Kwanza Hall wins special election to serve remainder of John Lewis' term in Congress

The remainder of the late US Rep. John Lewis’ term will be served by Democrat Kwanza Hall, who won control of the reliably blue seat in a House runoff special election in Georgia Tuesday, CNN projects.

Hall, a former Atlanta city councilman, will be sworn in after the election’s results are certified and serve for about a month. He will represent Georgia’s 5th Congressional District until early January, when Rep.-elect Nikema Williams takes over control of the seat, which she won in the November general election.
Though he won’t be in office for long, Hall’s win means he will forever be intertwined with the legacy of Lewis, a civil rights icon and 17-term congressman who died in July. Hall will also have a chance to participate in several upcoming legislative battles, as Congress is set to consider a broad spending bill next week in order to avert a government shutdown, among other business.

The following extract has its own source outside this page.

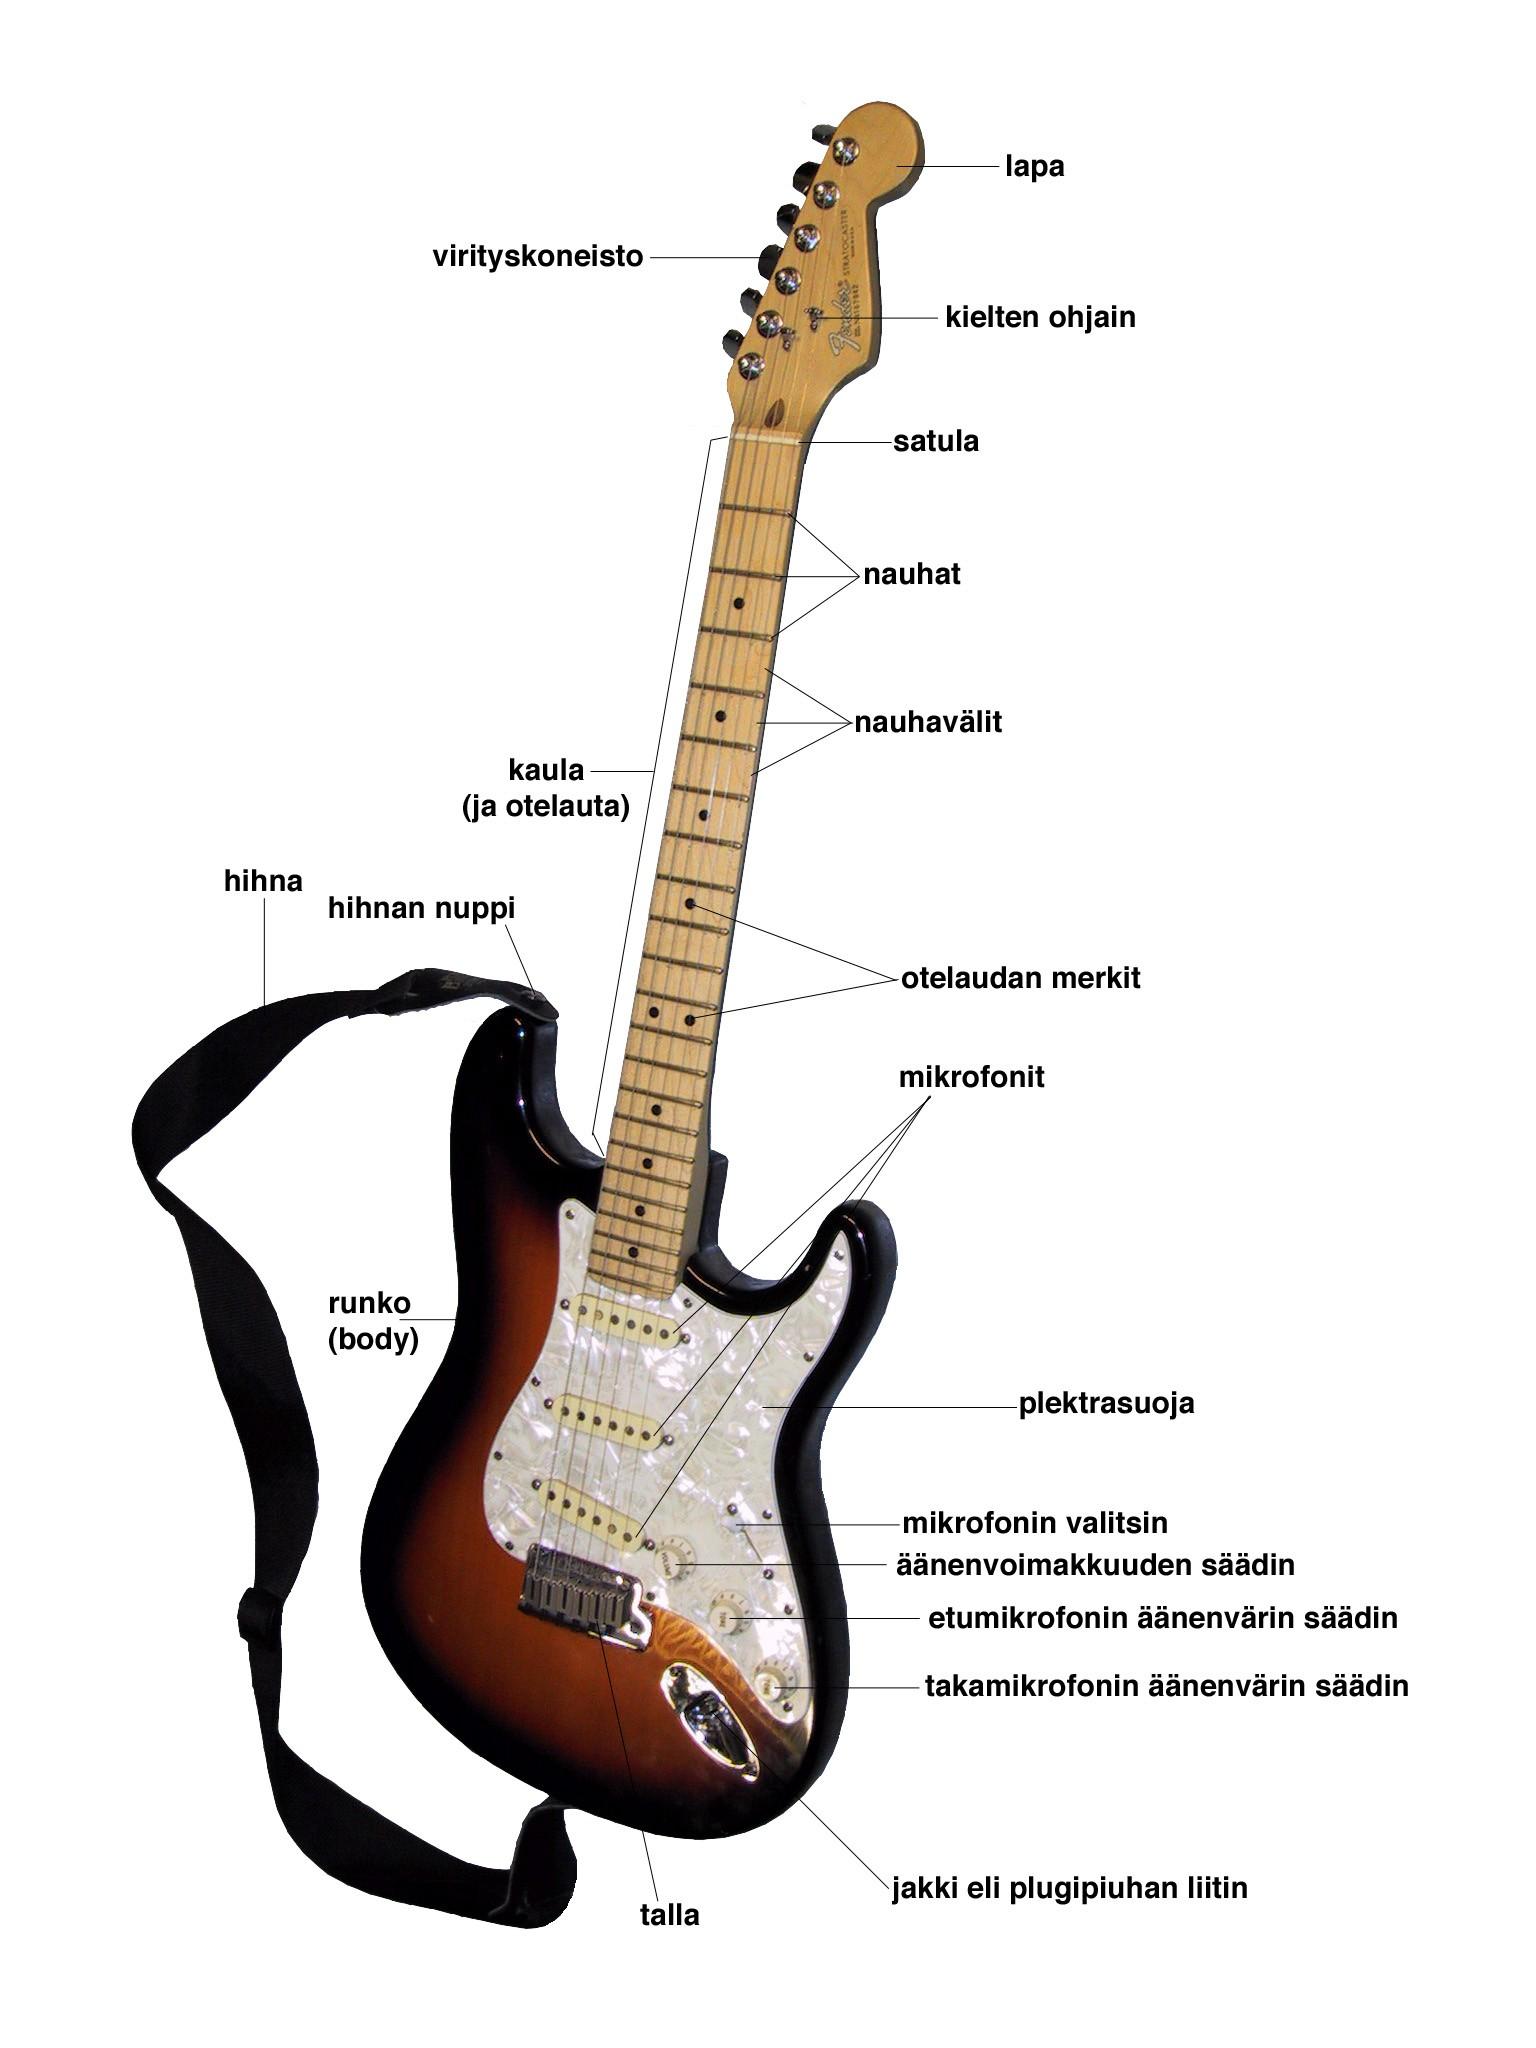 Acoustic Electric Guitar Parts Diagram Sähkökitaran Osat Electric Guitar Parts Of Acoustic Electric Guitar Parts Diagram

Lewis, who served the Atlanta-based district for more than three decades and was viewed “as the conscience of Congress,” was Hall’s friend, neighbor and mentor.
    Lewis’ son, John-Miles Lewis, endorsed Hall in October, calling him the “perfect candidate to complete my father’s term and maintain his legacy, if only for a short time.”
    Hall campaigned for the seat vowing to “ensure Lewis’ activism legacy continues” and create a “smooth transition” for Williams.
    He received the most votes in September’s special election out of the seven candidates vying for the remainder of Lewis’ term.
    But because no candidate broke 50% of the vote, Hall and Democrat Robert Franklin advanced to a runoff election weeks later.
    Hall will serve until Williams is sworn in for the full two-year term on January 3 along with the rest of the new Congress.
    The runoff election for Lewis’ remaining term has been overshadowed by Georgia’s high-stakes Senate runoff election planned for January 5. The state’s two Republican US senators are defended their seats in contests that could determine the balance of control in the upper chamber of Congress.
      If either of the incumbent Republican senators, Kelly Loeffler and David Perdue, hold onto their seats, the GOP will retain its majority control in the Senate.
      In November, Lewis’ district had helped flip Georgia and its 16 electoral votes to President-elect Joe Biden.